Menurut klaim Borrell, "Susunan kata-kata JCPOA tentang bagaimana mengelola penentuan tanggal dan kerja tidak jelas, termasuk bahwa kesempatan ini kapan dimulai. Ini bagian dari lampiran kedua yang harus dikaji secara rahasia."

"Kita tidak bisa menjawab pertanyaan apakah sekarang tenggat waktu yang berhubungan dengan mekanisme penyelesaian sengketa telah dimulai atau belum," jelas Borrell.

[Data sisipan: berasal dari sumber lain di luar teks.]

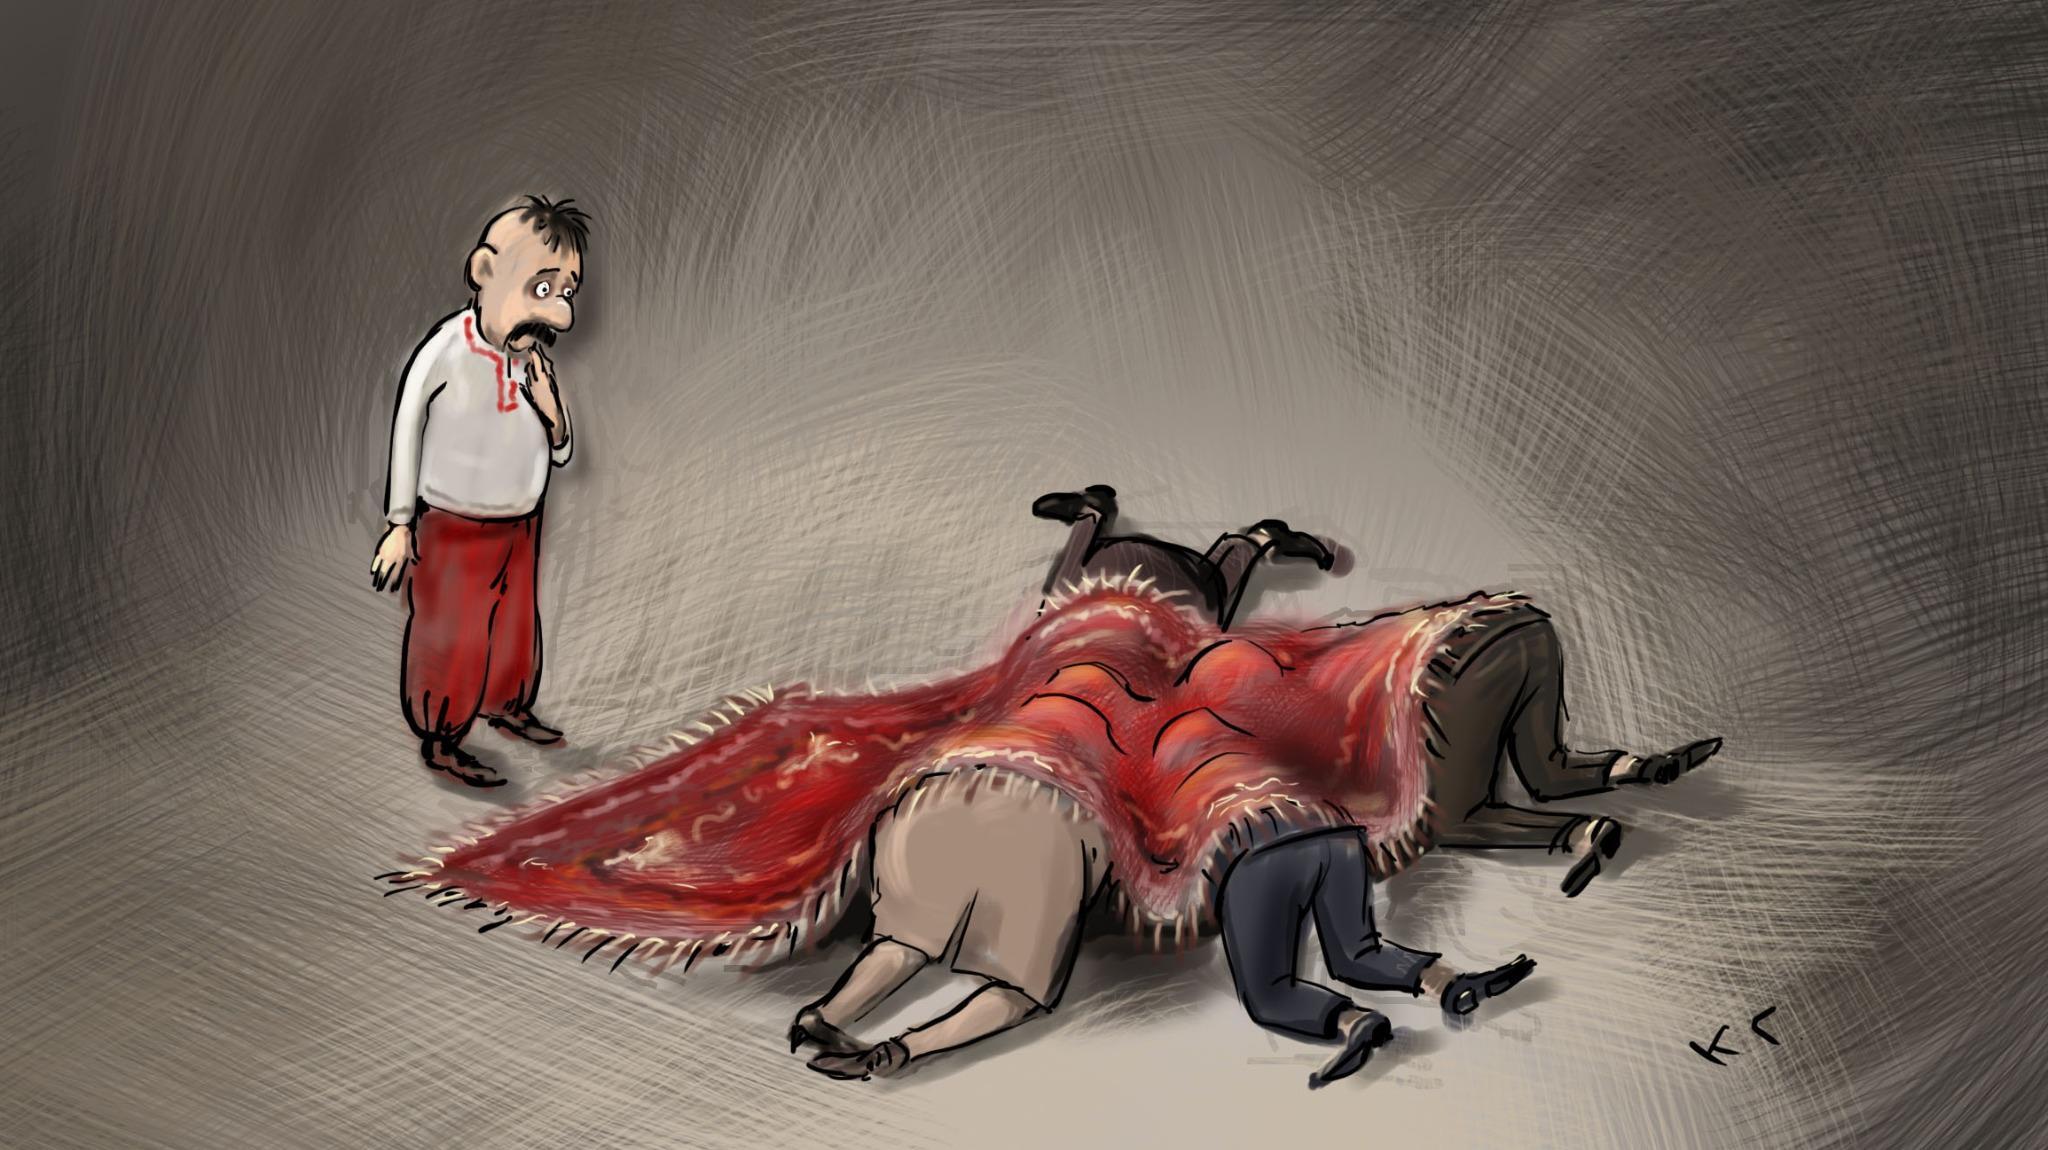 Переговоры в Минске идут сложно, но надежда на совместную договоренность есть, - МИД - Цензор.НЕТ 783

Reaksi kuat Iran terhadap tindakan pihak-pihak Eropa dalam kelompok 4 +1, yang mengaktifkan mekanisme penyelesaian sengketa, yang pada akhirnya dapat mengarah pada perujukannya kepada Dewan Keamanan PBB dan secara otomatis pengenaan kembali sanksi terhadap Iran, termasuk dari pengambilan sikap baru oleh Kepala Kebijakan Luar Negeri Uni Eropa yang menyoroti adanya ambiguitas terkait saat dimulainya mekanisme penyelesaian sengketa.

Sejatinya, pihak Eropa sekarang berencana untuk menunda masa dimulainya implementasi mekanisme ini. Hal ini terutama mengingat ancaman Tehran untuk menarik diri dari NPT jika masalah nuklir Iran dirujuk ke Dewan Keamanan PBB. Menteri Luar Negeri Iran Mohammad Javad Zarif pada hari Senin, 20 Januari, menyinggung perlakuan Eropa yang ilegal dan tidak dapat diterima dalam masalah JCPOA, mengatakan, "Jika berkas Iran dikirim ke Dewan Keamanan PBB, Tehran akan keluar dari Traktat Non-Proliferasi Nuklir (NPT)."

Troika Eropa secara resmi meminta Borrell pada hari Selasa, 14 Januari, sebagai tanggapan terhadap langkah kelima pengurangan kewajiban JCPOA Iran, untuk memulai mekanisme penyelesaian sengketa kesepakatan nuklir. Proses ini pada akhirnya akan mengembalikan kedua pihak ke kondisi sebelum adanya kesepakatan nuklir bila sengketa antara keduanya tetap ada. Itu berarti bahwa pembatasan nuklir Iran telah dicabut dan resolusi Dewan Keamanan PBB yang saat ini ditangguhkan akan dihidupkan kembali.

Sikap terbaru kepala kebijakan luar negeri Uni Eropa disampaikan ketika beberapa pemimpin Eropa telah mengambil keputusan yang jelas sesuai dengan sikap AS terkait JCPOA, yang bertumpu pada meninggalkan kesepakatan ini dan menyetujui kesepakatan baru dengan Iran, yang menurut mereka mencakup pembatasan permanen pada program nuklir Iran dan masalah-masalah seperti program rudal dan kebijakan regional Iran.

Perdana Menteri Inggris Boris Johnson, dalam sebuah pernyataan yang baru-baru ini disambut oleh Presiden AS Donald Trump, menegaskan bahwa kesepakatan JCPOA harus diganti dengan "Kesepakatan Trump". Presiden Perancis Emmanuel Macron, sekalipun mengklaim keinginan untuk mempertahankan JCPOA, tetapi bersikeras bahwa kesepakatan itu harus dilengkapi dengan perjanjian masa depan jangka panjang JCPOA serta aktivitas rudal dan regional Iran.

Bendera Inggris, Jerman dan Perancis (Troika Eropa0

Sikap ini menunjukkan bahwa dalam hati pihak Eropa memiliki tuntutan yang sama dengan Washington terhadap Iran, tetapi secara lahiriah berusaha menampakkan dirinya bersikeras mempertahankan JCPOA. Sekalipun demikian, pihak Eropa sekarang berada di persimpangan jalan untuk memenuhi komitmen mereka atau bergabung dengan AS.

Jika pihak Eropa benar-benar ingin mempertahankan JCPOA, sebagai ganti dari mengejar mekanisme penyelesaian sengketa JCPOA, mereka harus memenuhi kewajibannya, khususnya terkait implementasi yang efektif dari mekanisme khusus interaksi keuangan dan bisnis dengan Iran yang disebut INSTEX.